◆ THE DATA ◆
╔══
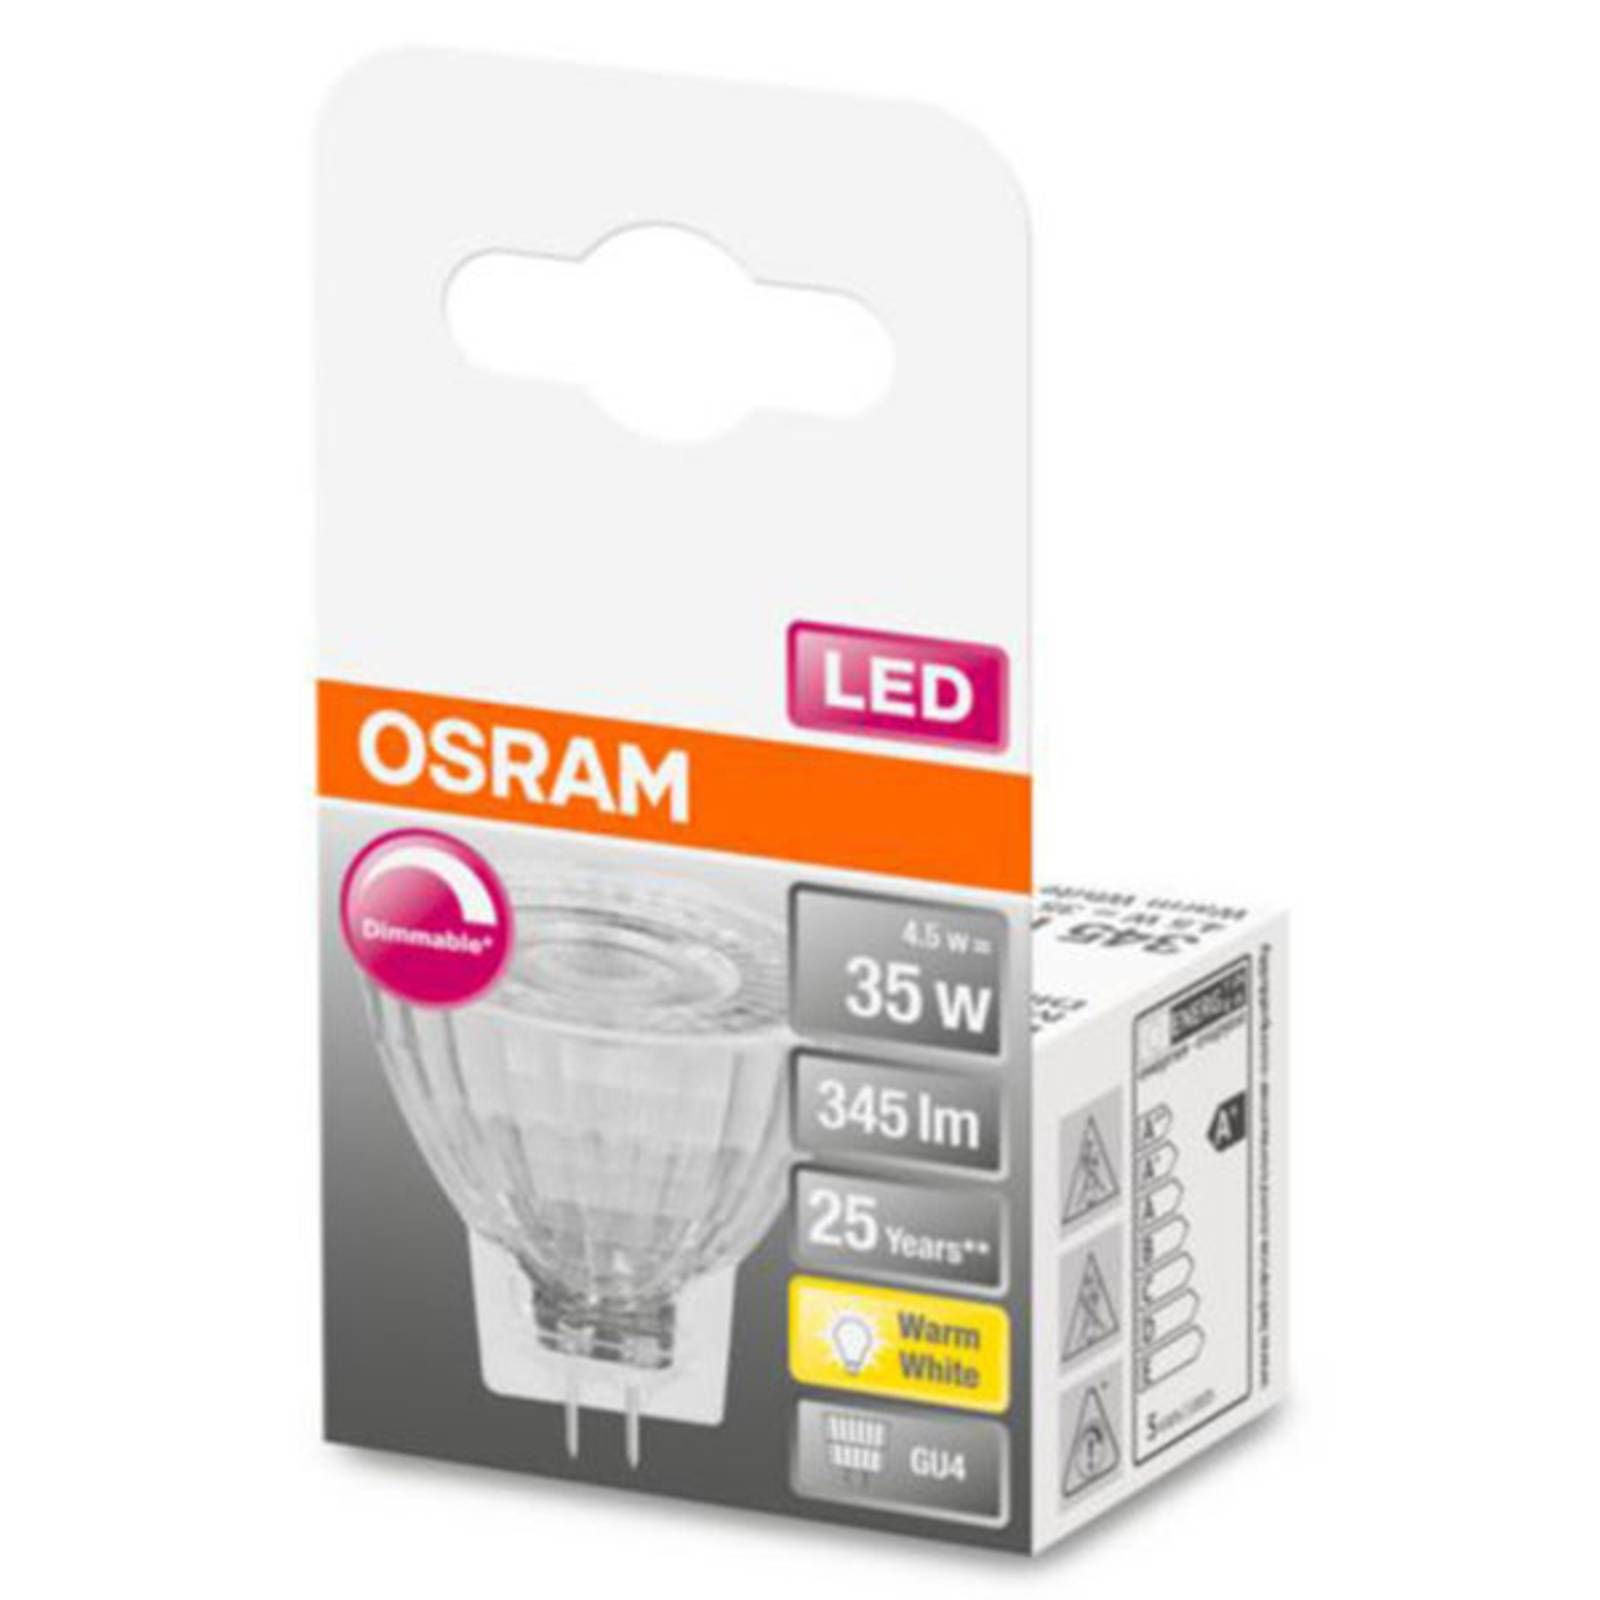 OSRAM LED reflektor GU4 MR11 4, 5W 927 36° stmieva, GU4 / MR11, 4.5W, Energialuokka: G, P: 3.8 cm
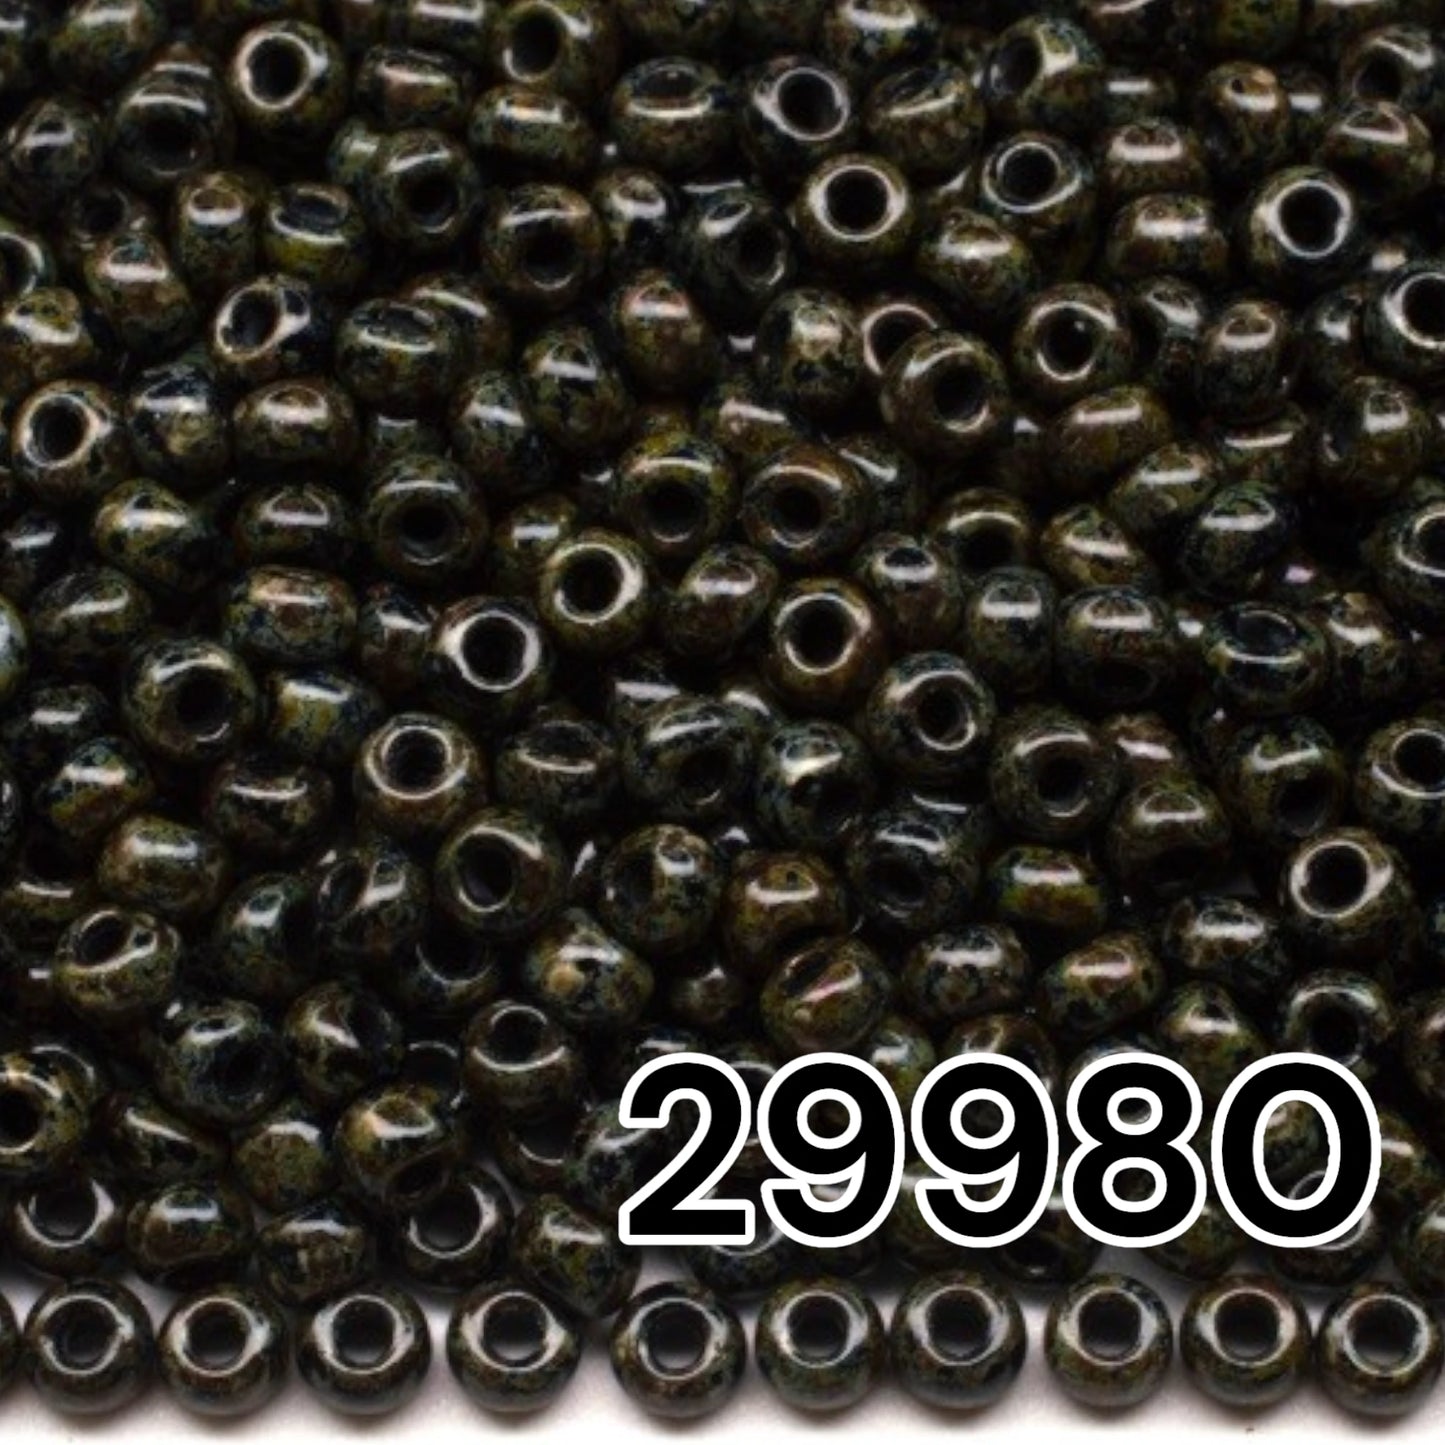 29980 Tschechische Rocailles PRECIOSA rund 10/0 Grün Grau Travertin.
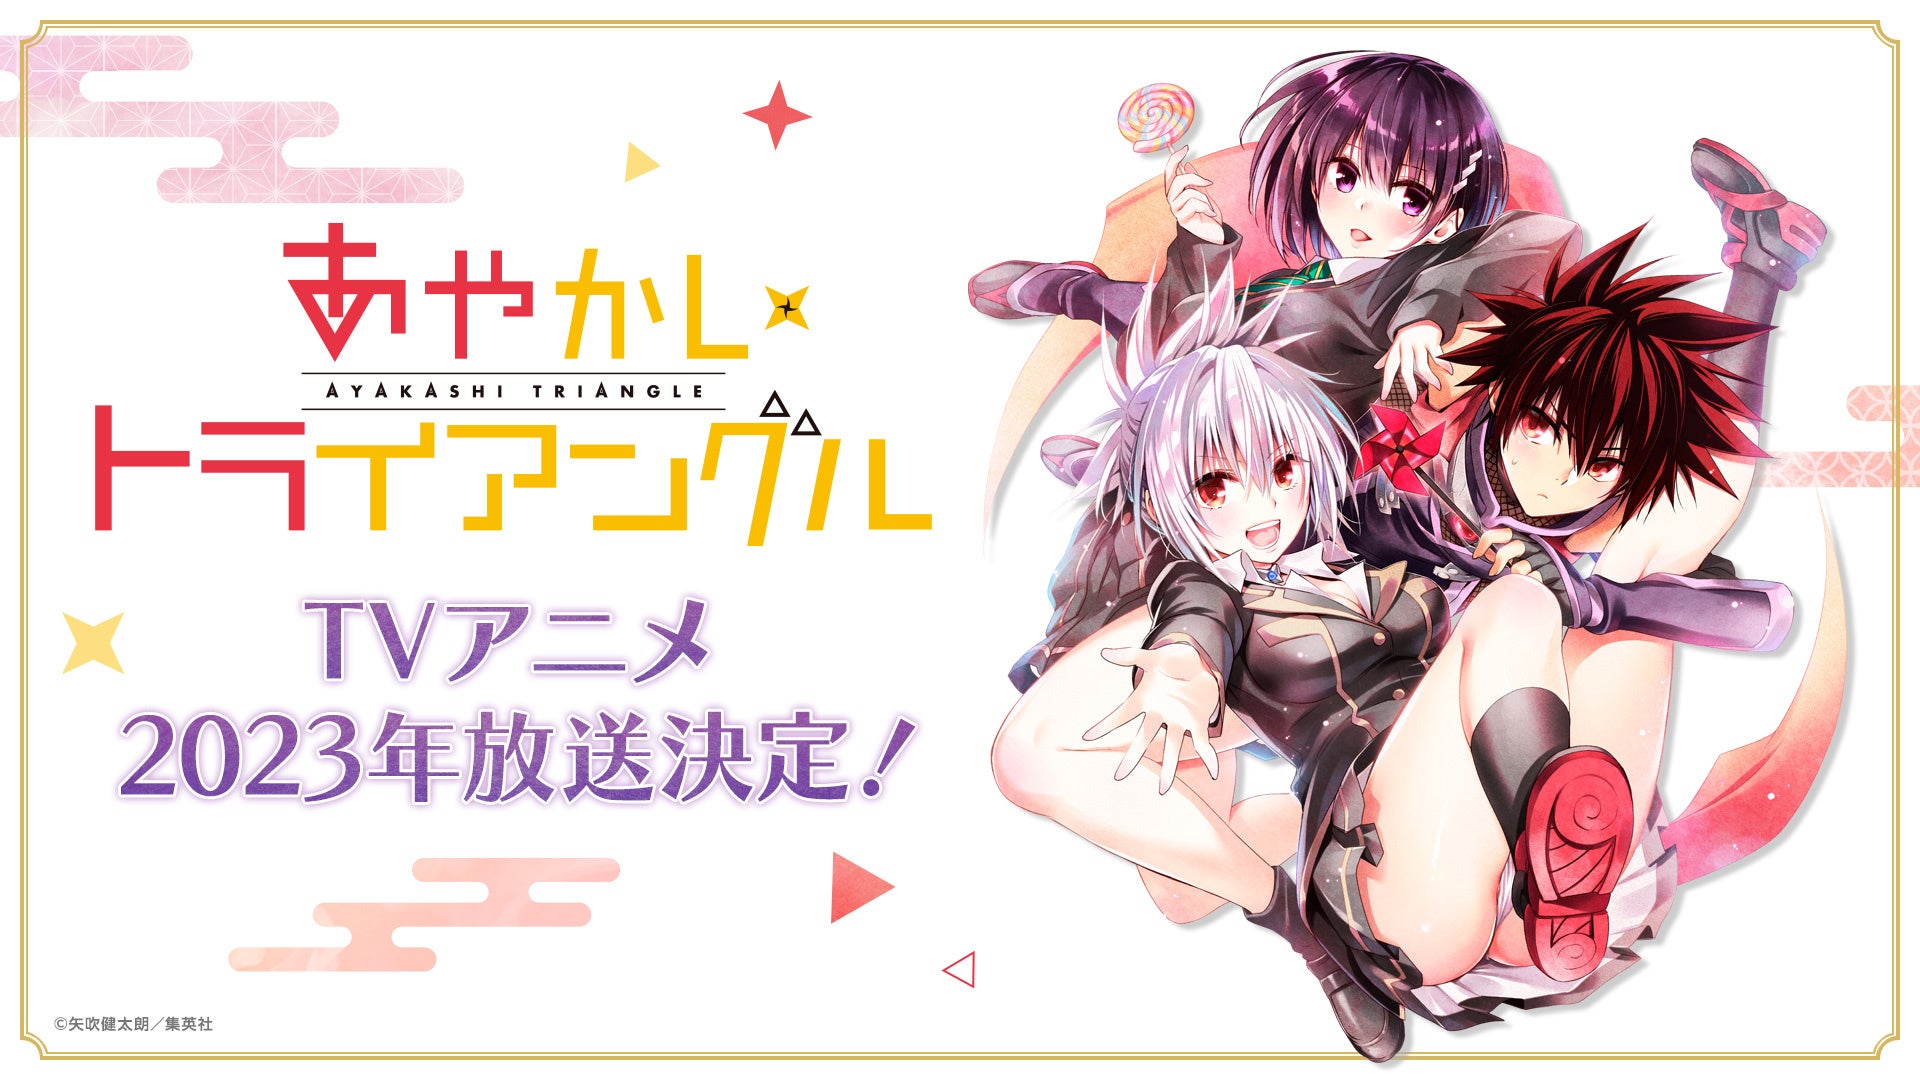 五彩緋夏プロデュース・メイクブランド「Armuje」が、「ロフト ベストコスメ 2022SS」ネクストコスメNO.3に選出
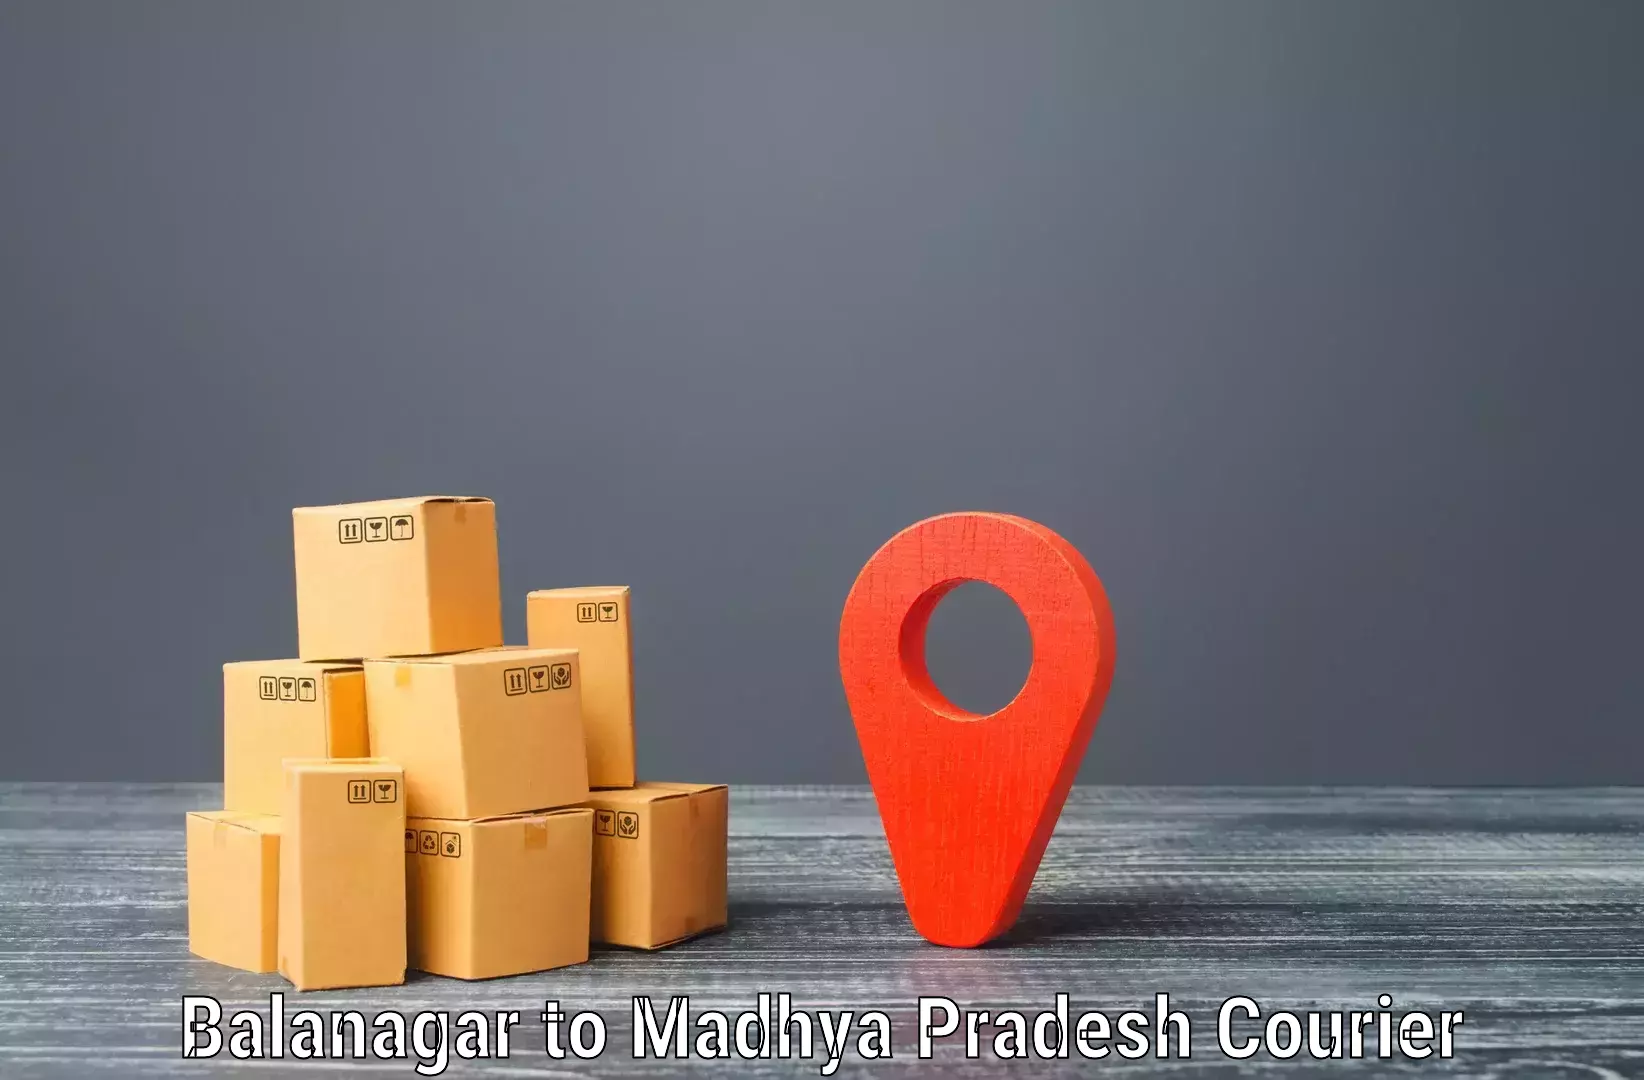 Comprehensive logistics solutions Balanagar to Ranchha
╚══
◆ WORK REQUEST ◆
The answer must consist solely of the lines from the one with "29980 Tschechische Rocailles" through the final line of the data, each reproduced exactly and with pictures omitted.

◆ SOLUTION FOR THIS EXERCISE ◆
 29980 Tschechische Rocailles PRECIOSA rund 10/0 Grün Grau Travertin.
 五彩緋夏プロデュース・メイクブランド「Armuje」が、「ロフト ベストコスメ 2022SS」ネクストコスメNO.3に選出
 Comprehensive logistics solutions Balanagar to Ranchha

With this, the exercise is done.